Required work:
Under this line is some data; print exactly the lines from the one containing "Allcare Disposable Apron" through its last line, without pictures.

Data below:
··········

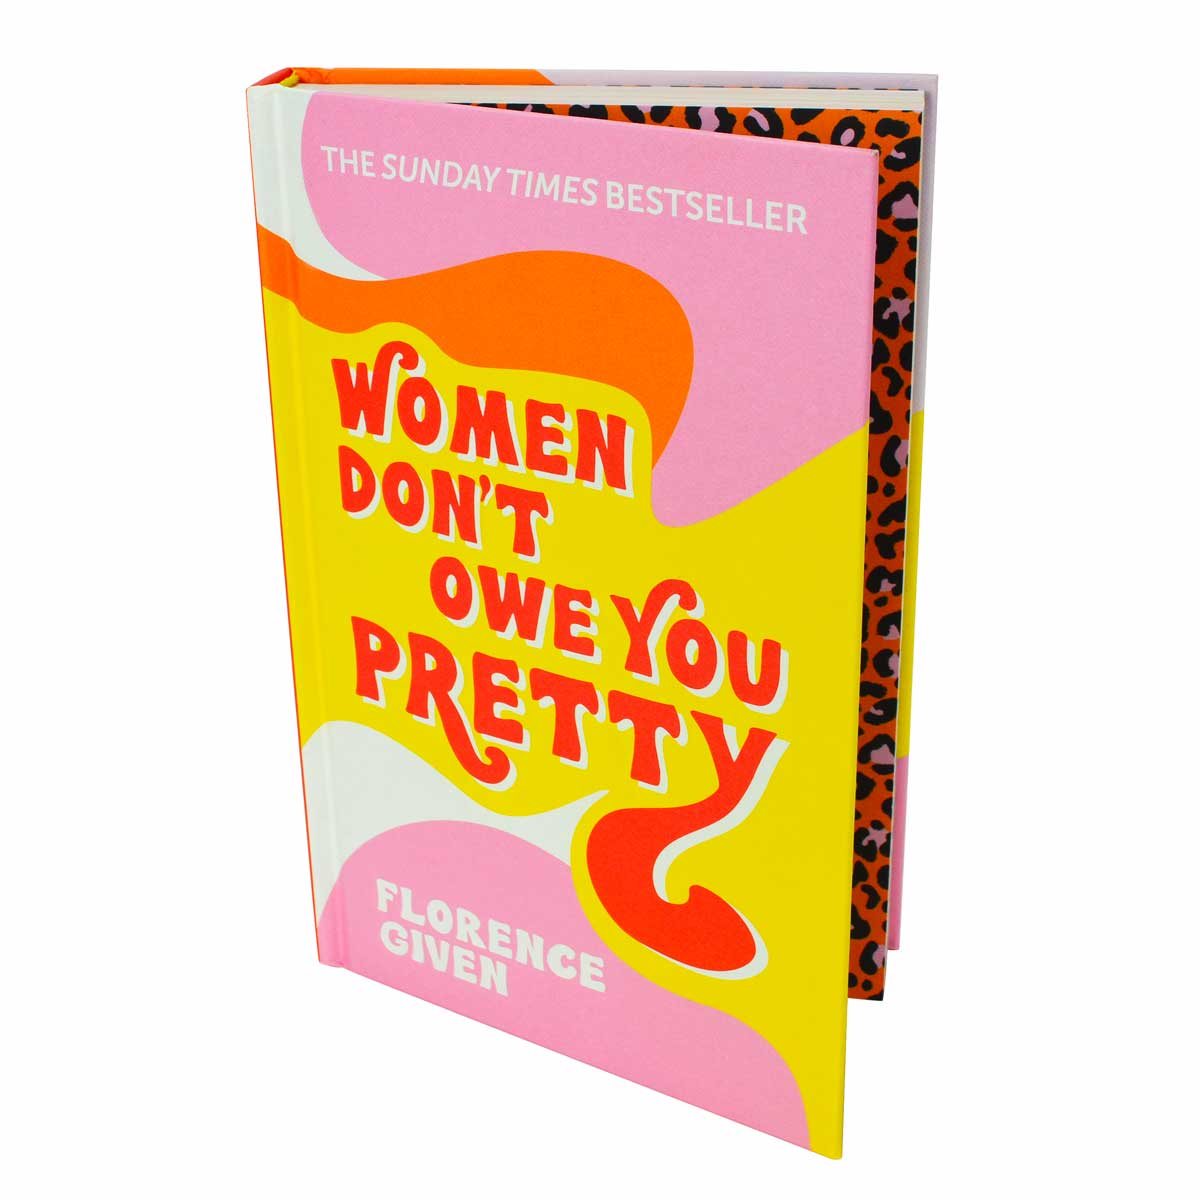 Women Dont Owe You Pretty By Florence Given Waterstones 
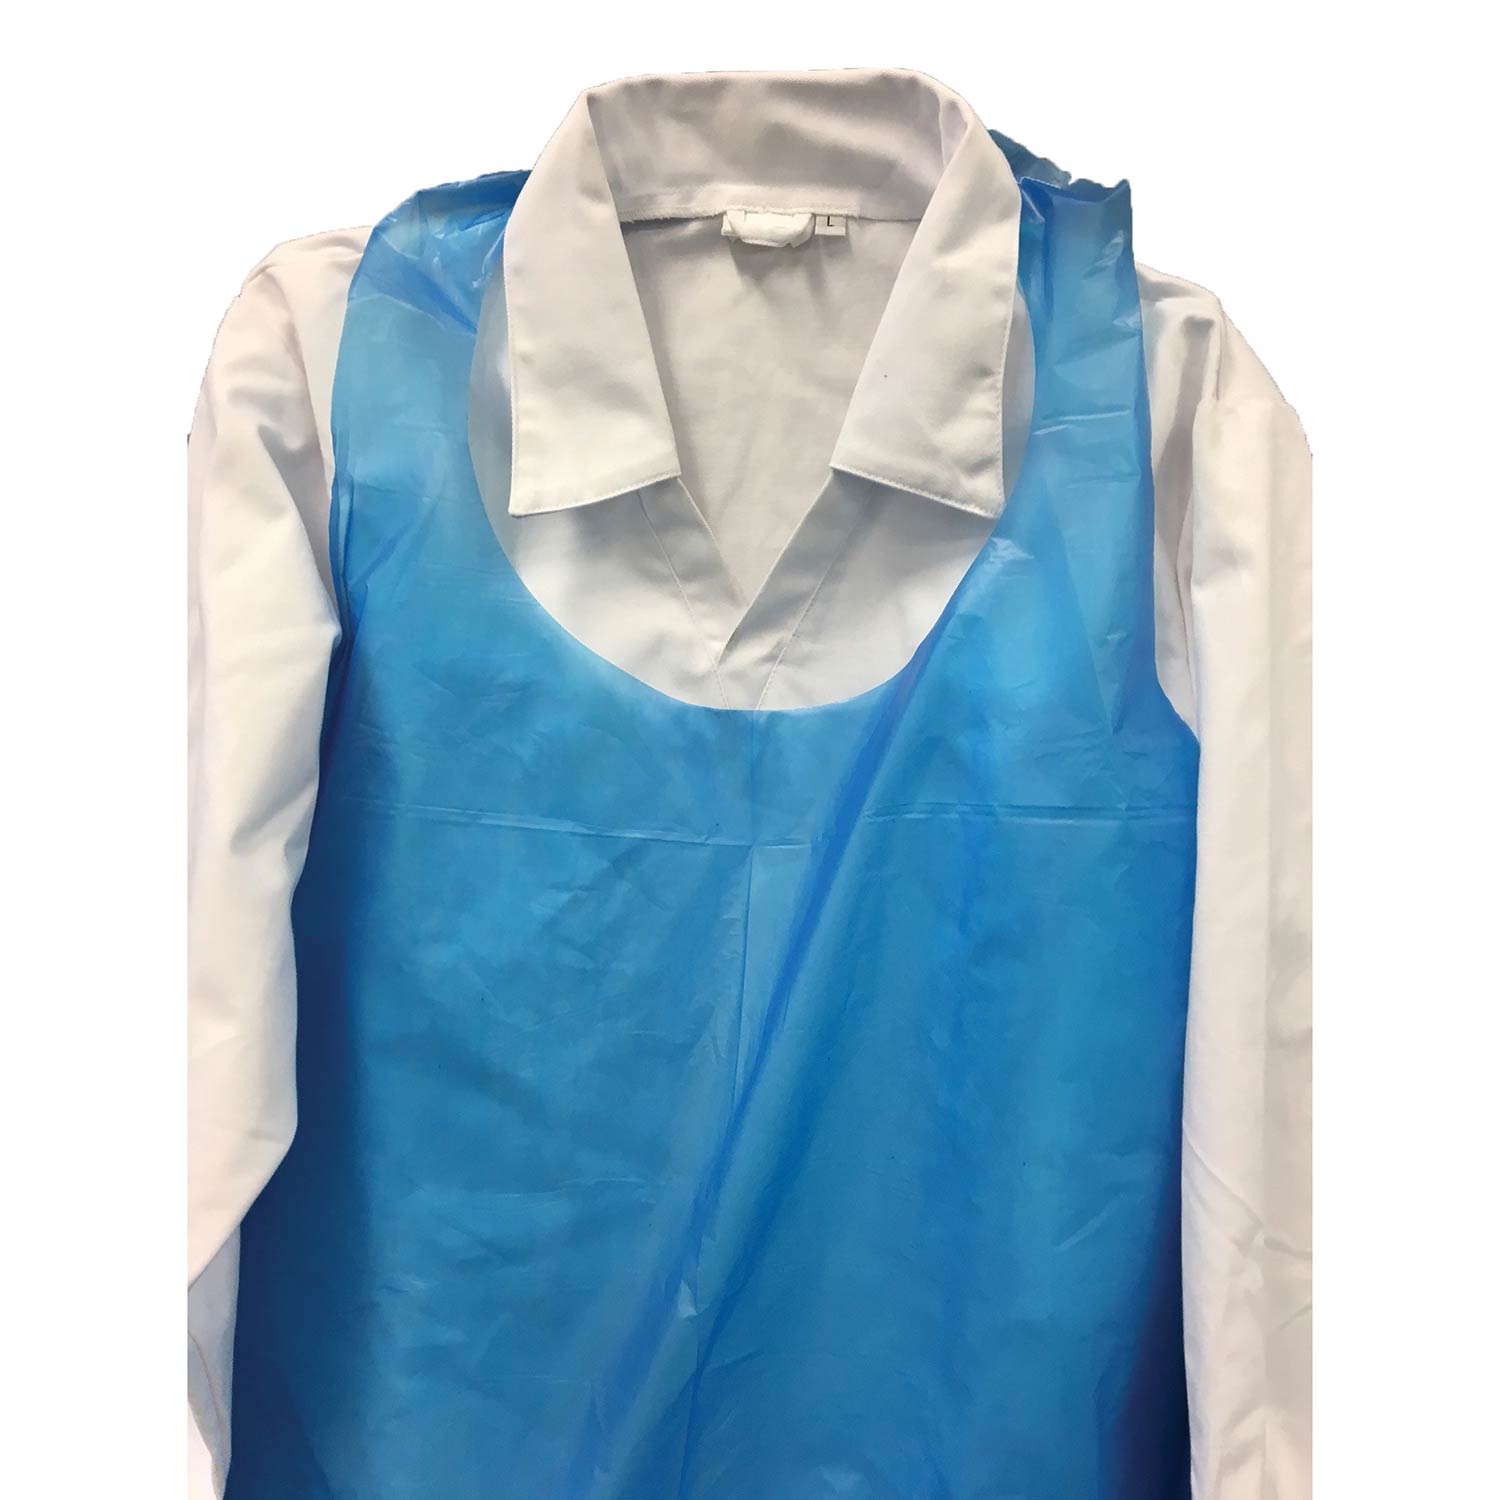 Allcare Disposable Apron - CT/500 Safety & PPE  
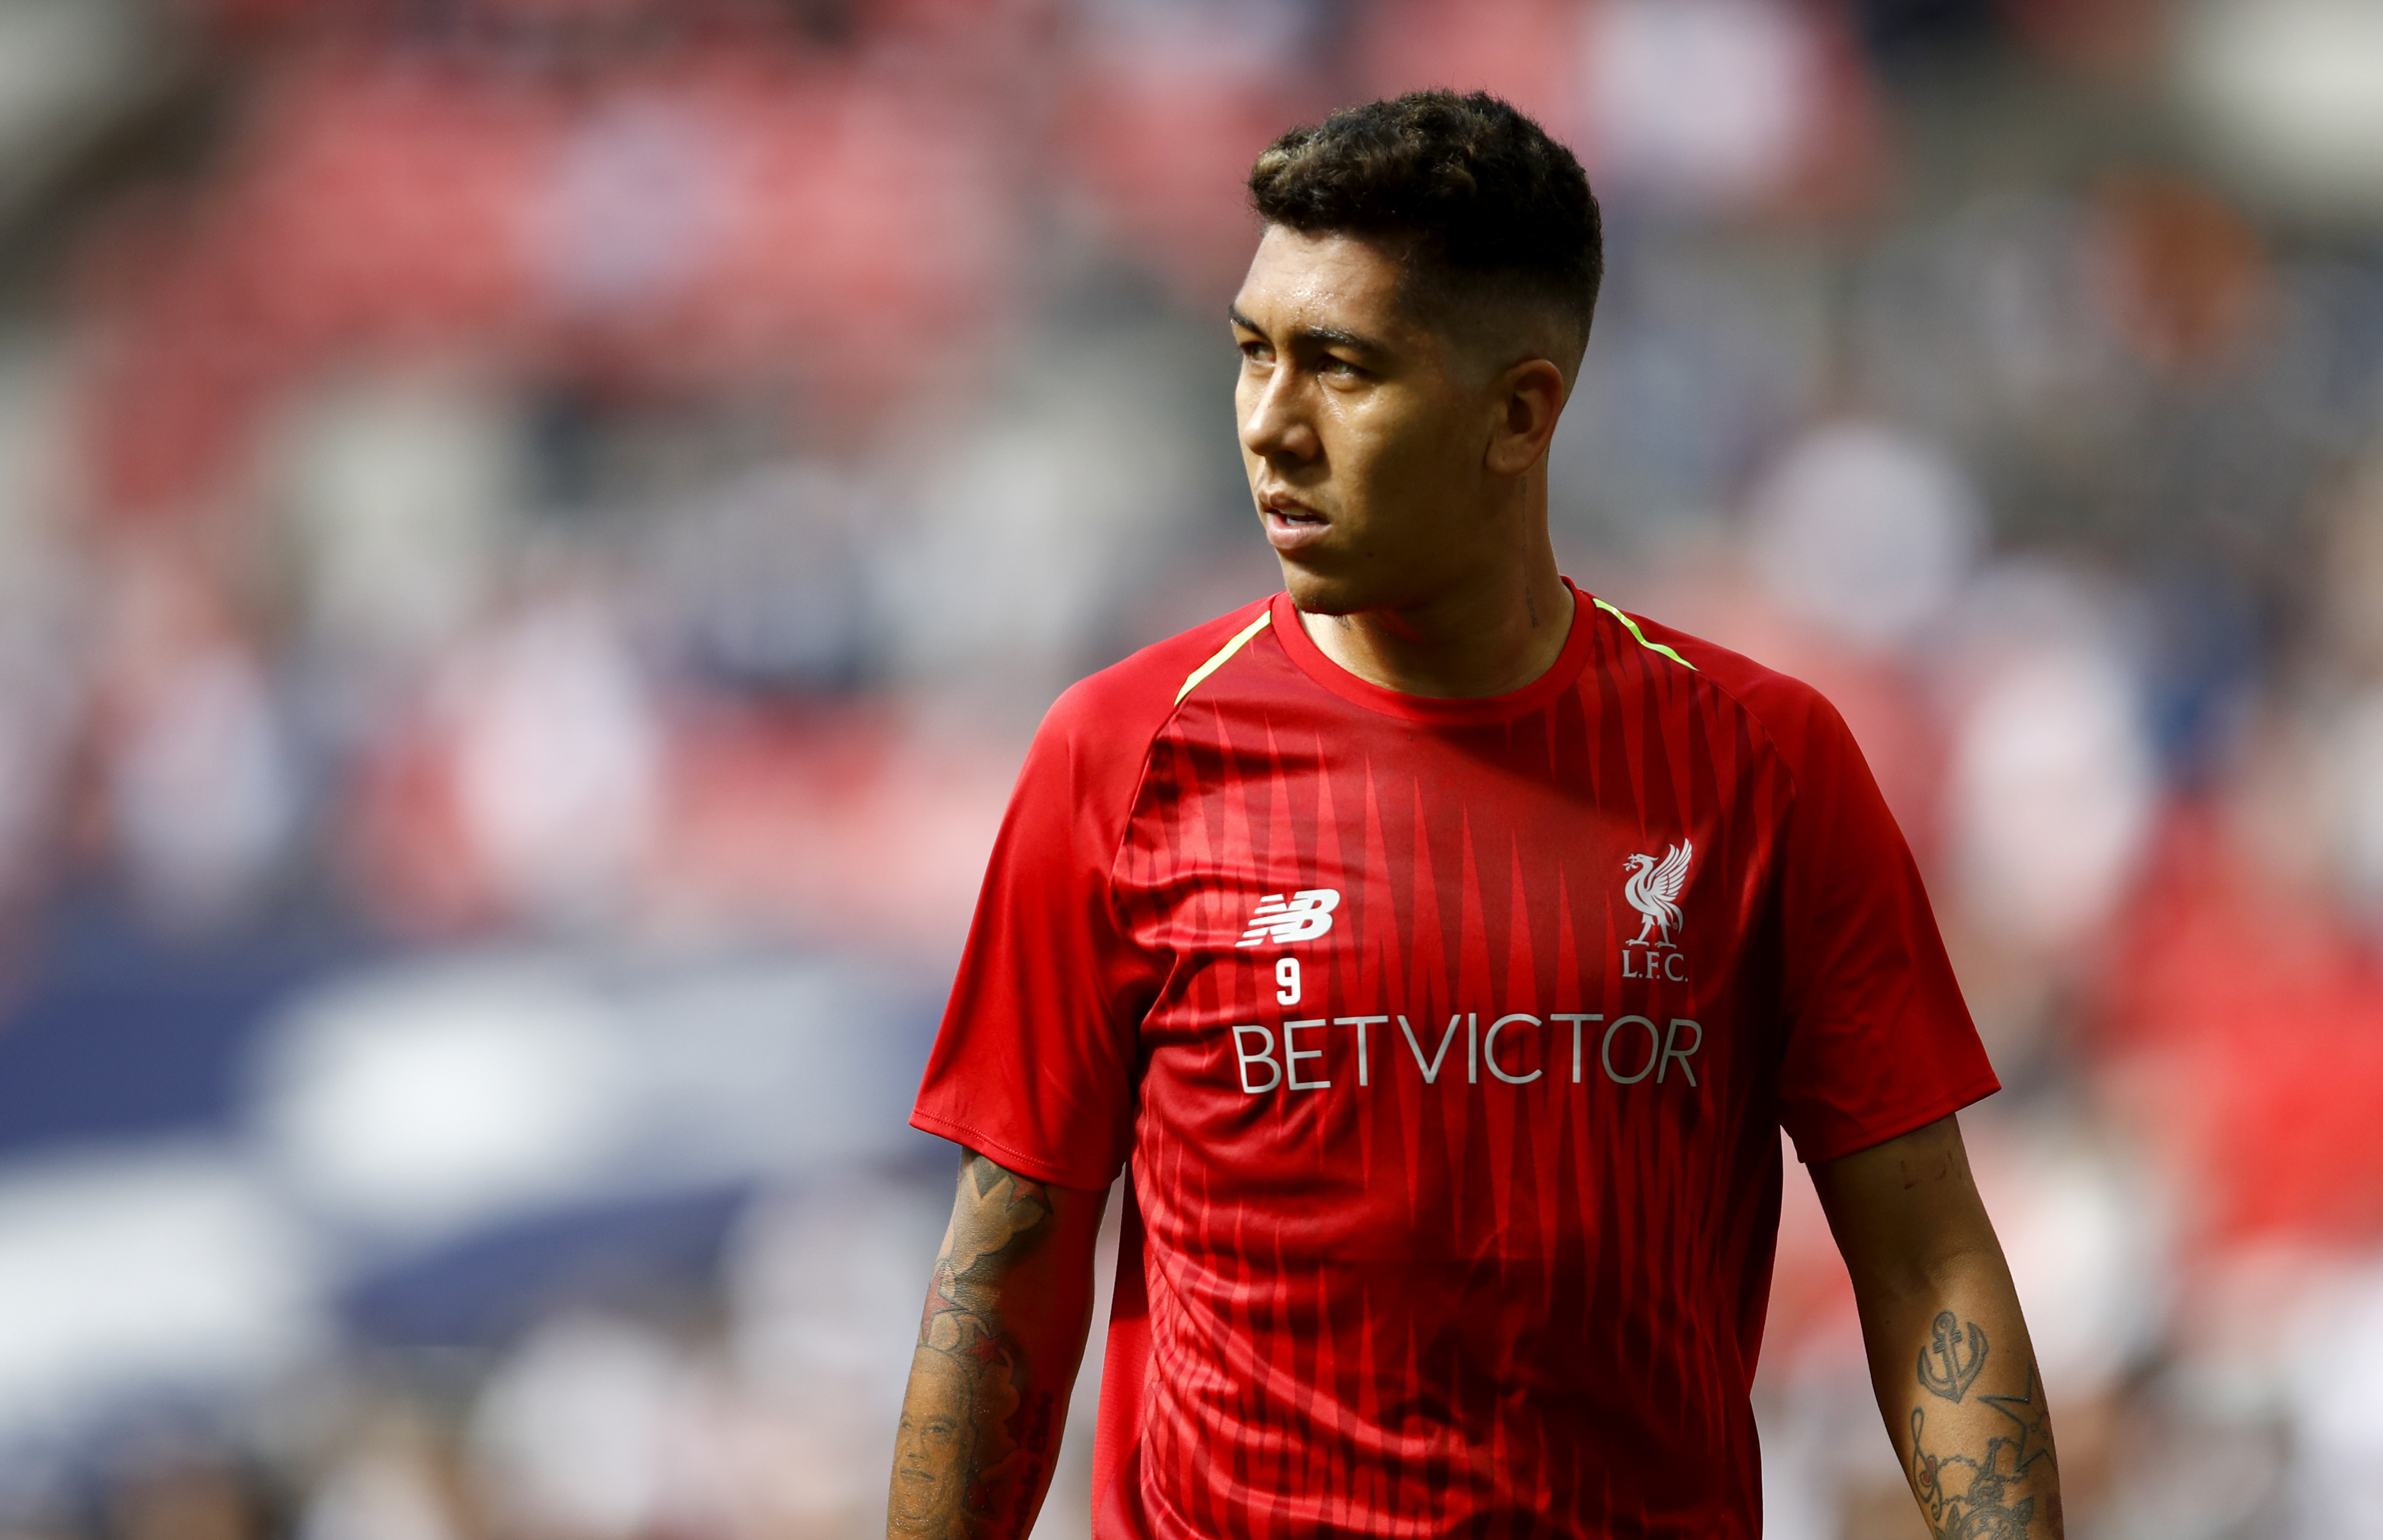 LONDON, ENGLAND - SEPTEMBER 15:  Roberto Firmino of Liverpool warms up ahead of the Premier League match between Tottenham Hotspur and Liverpool FC at Wembley Stadium on September 15, 2018 in London, United Kingdom.  (Photo by Julian Finney/Getty Images)

··········

Answer to the problem:
 Allcare Disposable Apron - CT/500 Safety & PPE  
 LONDON, ENGLAND - SEPTEMBER 15:  Roberto Firmino of Liverpool warms up ahead of the Premier League match between Tottenham Hotspur and Liverpool FC at Wembley Stadium on September 15, 2018 in London, United Kingdom.  (Photo by Julian Finney/Getty Images)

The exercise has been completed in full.